To answer this question, empirical assessment of the maximum uncertainty placing each of the electrodes multiple times is necessary or, otherwise, one must assume a reasonable value. Then, the user can divide the maximum uncertainty value by the minimum permissible misplacement of the electrodes using the values compiled in Table 4. In the example above, assuming that the examiner cannot place the high current electrode with an uncertainty below 1 cm in the x-axis along the muscle, and the ICC desired is 0.8 or greater, the minimum distance between electrodes is dmin = 1/0.18 = 5.4 cm. Equivalently, this is a minimum muscle length of 16.2 cm (the minimum length of muscle that can be measured is at least 3dmin, the total length of the electrode array shown in Supplementary Figure 2A). Considering the same reproducibility, if the uncertainty placing the electrodes also affects the positioning of any potential electrode, then the distance becomes dmin = 1/0.13 = 7.7 cm, i.e. a minimum muscle length of 23.1 cm. Note that by only changing the electrodes being moved, the minimum muscle length increases 6.9 cm. If a better reproducibility is desired, e.g. ICC ≥ 0.9, then the minimum distance between electrodes increases dmin = 1/0.087 = 11.5 cm, and consequently the minimum muscle length increases to 34.5 cm. Also, the reader should note that because the effect of electrode misplacement is normalized to the distance between the electrodes, the values in Table 4 can be used to determine any muscle length measured with a uniform electrode array, whether animal or human.

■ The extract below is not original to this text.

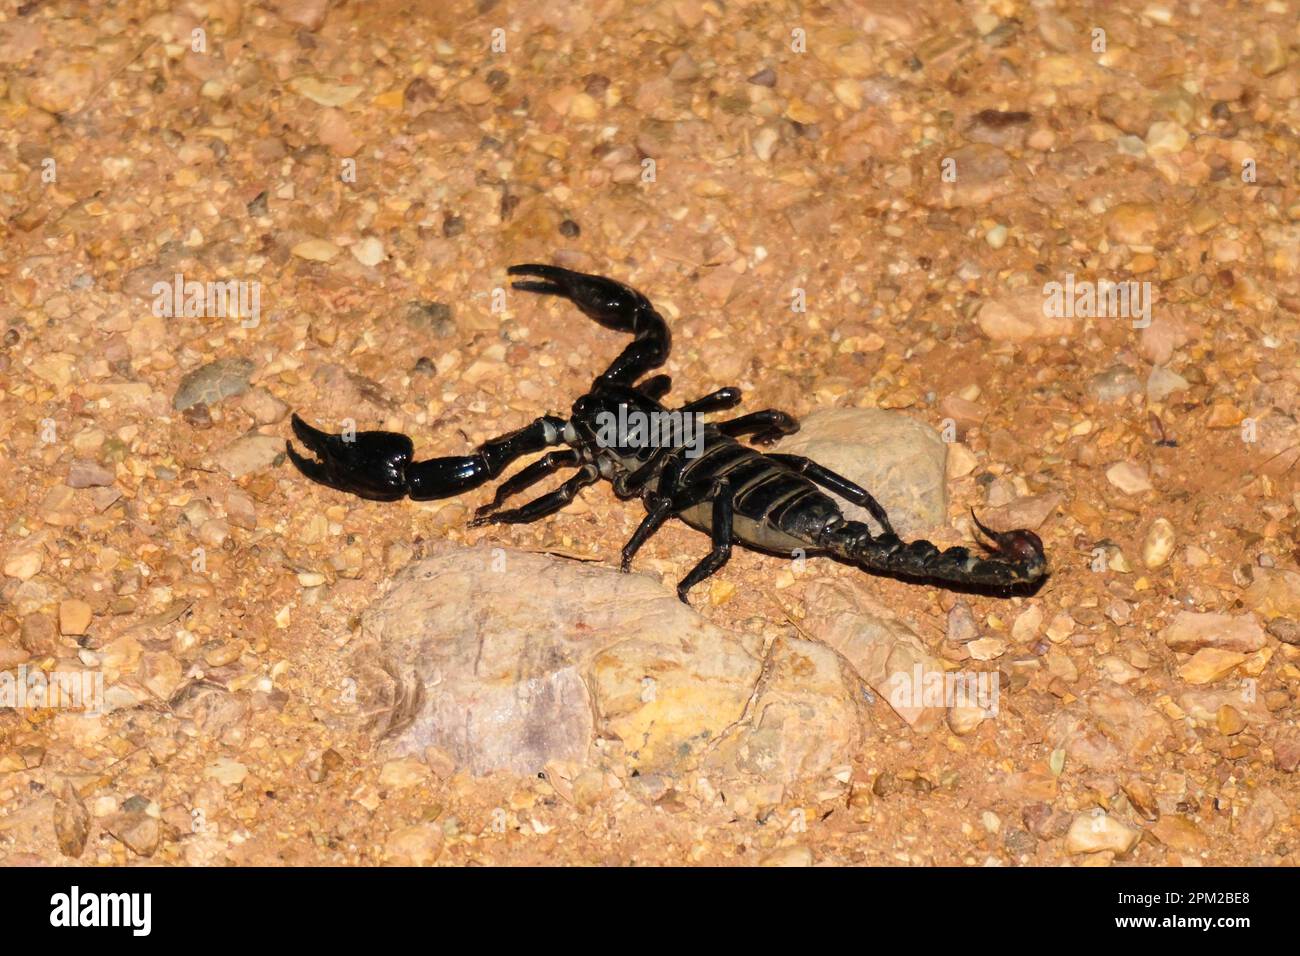 Black Forest Scorpion or heterometrus laoticus - An Intimidating Arachnid Species Caught on Camera Stock Photo

Normative values of the electrode precision required for measuring muscle across different animal species are shown in Fig. 6. In the figure, we analyzed three realistic scenarios of positioning errors affecting the current (Fig. 6A) and voltage (Fig. 6B) electrodes separately, from more to less precise, {0.1, 0.5, 1} cm, starting with an ICC at least 0.5. One can see in Fig. 6 that the minimum length of muscle that can be measured is, respectively, {1, 5.4, 10.8} cm with 72% the minimum precision on the current electrodes position (A), and {1.2, 6.8, 13.2} cm with 78% the minimum precision on the voltage electrodes (B). As the precision of positioning the electrodes increases, both the ICC coefficient and the minimum length of muscle that can be measured increase. The minimum width of the muscle is {0.2, 1.0, 2.1} cm with a minimum precision above 50% in all electrodes. From a practical view, one can use data in Fig. 6 as a reference guide to determine, given a muscle length, the minimum electrode precision necessary and the expected EIM repeatability.
Discussion
Common use of standard electrophysiological tests for recording muscle potentials in neuromuscular diagnosis requires the accurate placement of electrodes35. The effect that electrode placement has on the patterns of responses measured by CMAP3,4,5,7,36,37,38,39,40 and electromyography (EMG)41,42,43,44,45,46 requires ad hoc adjustments to maximize data reliability and validity. In this paper, we showed that the reliability of EIM as a biomarker for the assessment of muscle is also affected by the precise positioning of the electrodes.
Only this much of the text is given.